Noch schlimmer kommt’s, wenn ich mit den seltsamen Botschaften an den Fenstern eines ebenfalls steril weissen Trams konfrontiert bin. Will da eine Pharmafirma ihren schlechten Ruf wegen Umweltverschmutzung und unfairem Handel loswerden? Ich schaue in die Landschaft und lese in Grossbuchstaben: DAS KLIMA SCHÜ… (Mein Gott, mach ich gerne, aber lieber ohne sie. Kann ich einer Firma denn trauen, die den Mund so voll nimmt?) Sie vermiesen mir die Aussicht und verschandeln das Stadtbild. Sie missbrauchen mich als ihren Werbeträger. Das ärgert.

Mag sein, dass sich die meisten Leute gar nicht bewusst sind, wie lächerlich sich das ausnimmt, wenn ihr Gesicht in einer dummen roten Blase oder unter einem Fussball erscheint.

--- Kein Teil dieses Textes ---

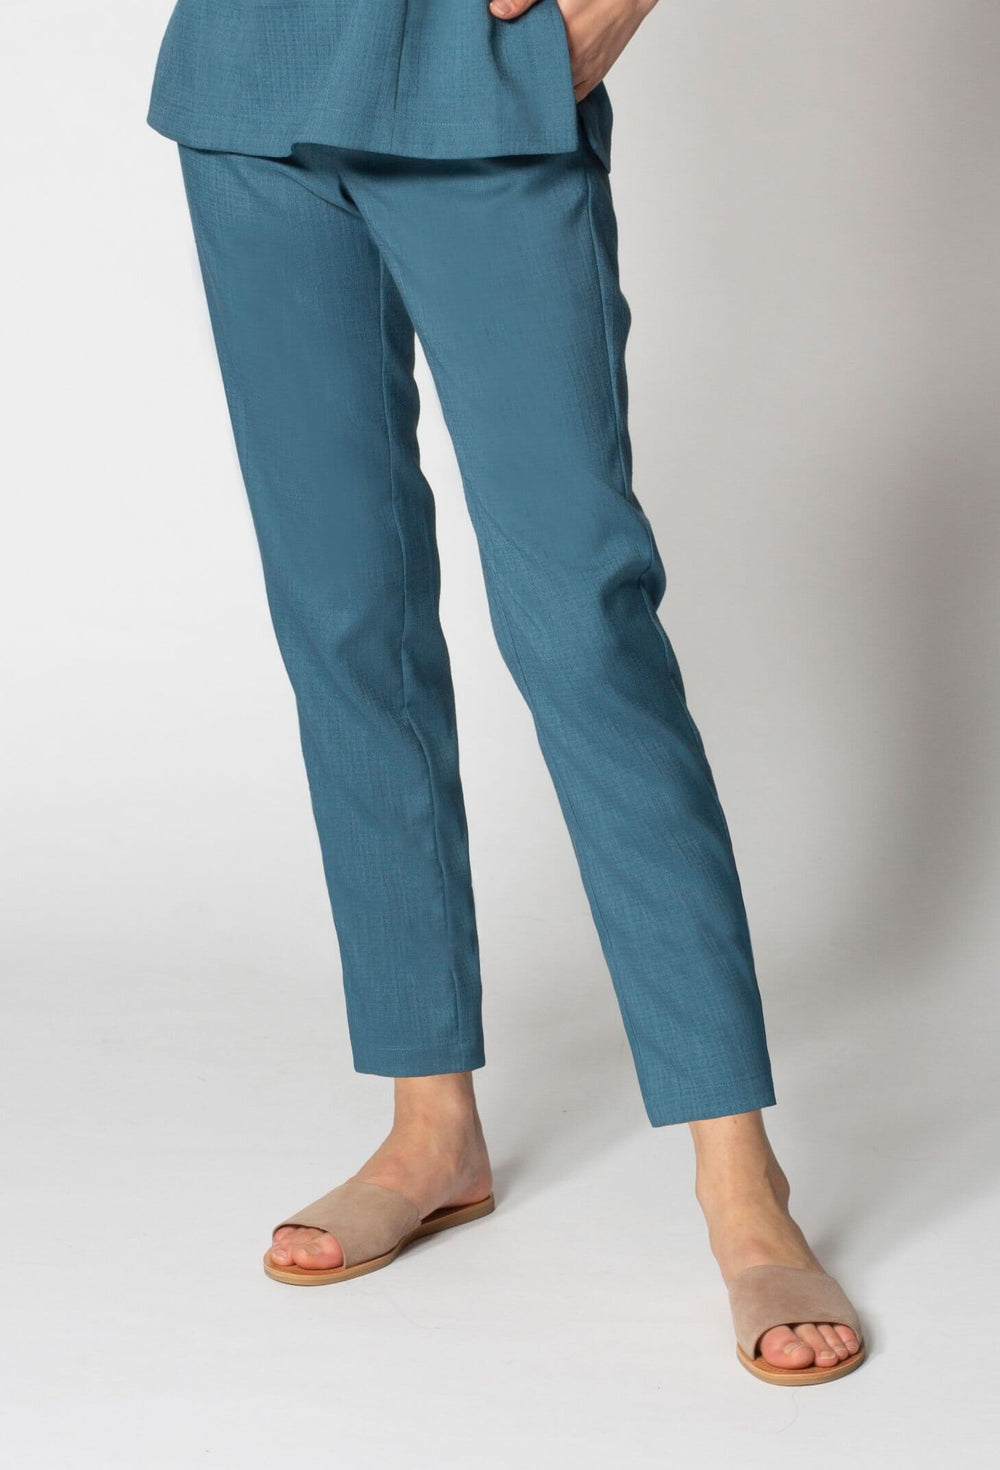 Noel Asmar Women's Faux Linen Long Pants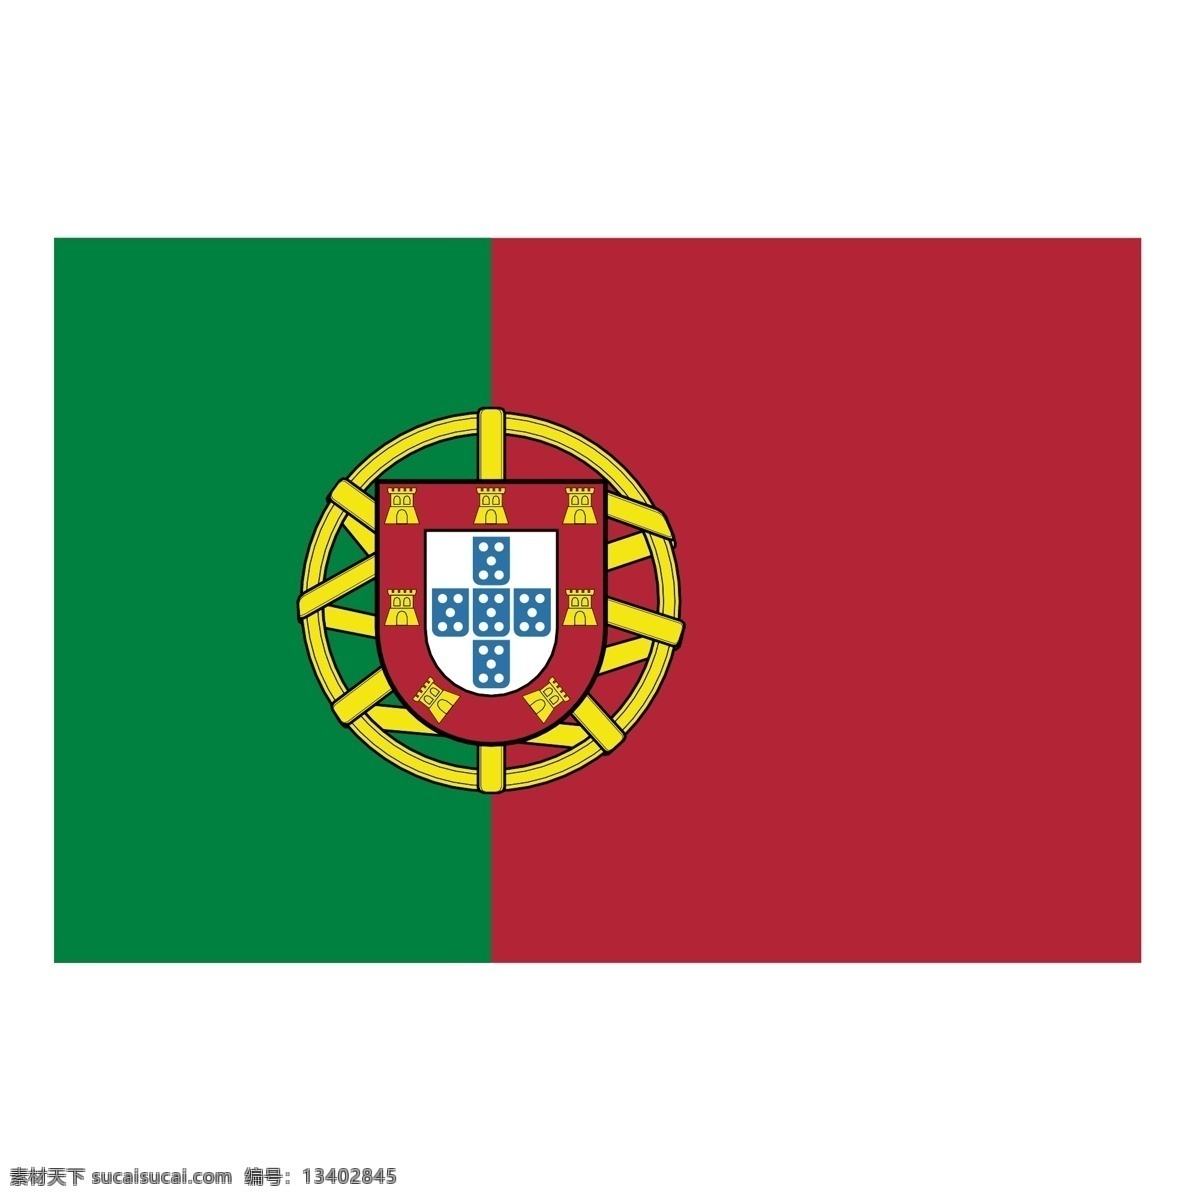 葡萄牙1 矢量艺术 葡萄牙 国旗 矢量 埃斯库多 免费 艺术 标志 夹 欧洲杯 2004 欧元 自由 赛车葡萄牙 向量 矢量图 建筑家居

Und es kommt noch besser: «BESSER WERBEN» lese ich auf dem Dachrand eines einfahrenden Trämli und auf der obersten Zeile des nächsten ebenfalls, immer wieder: «BESSER WERBEN.» Die Werber werben für sich selbst. Nur sollten sie es besser tun. Werbung, die keine Rücksicht auf das Umfeld nimmt, in dem sie auftritt, entzückt nicht, sondern ärgert. Mag sein, dass sich die meisten Leute gar nicht bewusst sind, wie lächerlich sich das ausnimmt, wenn ihr Gesicht in einer dummen roten Blase oder unter einem Fussball erscheint. Vielen ist gar nicht bewusst, was die Werbung mit ihnen macht, wie sie mit ihnen spielt. Corporate Identity. Auch so ein Werbespruch. Um wessen Identität geht es?

Kostbares wird zu Abfall gemacht

Nicht nur um die Identität eines jeden Fahrgastes, sondern auch um die Identität der Stadt. Man schaue sich das doch mal genau an: AUSSTEIGEN UND SHOPPEN unter dem historischen Dach des ehemaligen Leonhardklosters. Zückersüsser Augenaufschlag bei Schiesser. Das passt ja vielleicht, na? – Geteilte Autos vor Mittelalter- und vor Jugendstil-Architektur. Und auch das Design des durch die Anzeige entzweigeschnittenen Tramwagens ist kaputt. Da werden kostbare Dinge durch billige Werbung zu Abfall gemacht.

Besser Werben kann für den ÖV doch nicht heissen, das eigene Image verkaufen. Das ist viel zu teuer. Beste Werbung für die eigene Sache ist, das eigene Erscheinungsbild voll durchzuziehen und zu pflegen. So wirkt man glaubwürdig. So wird auch dem Stadtbild die angemessene Wertschätzung entgegengebracht. So spart man Kosten.

Es gibt Städte wie Grenoble, die das begriffen haben und Werbung im öffentlichen Raum schlicht verbieten. Man kann ihnen nur gratulieren.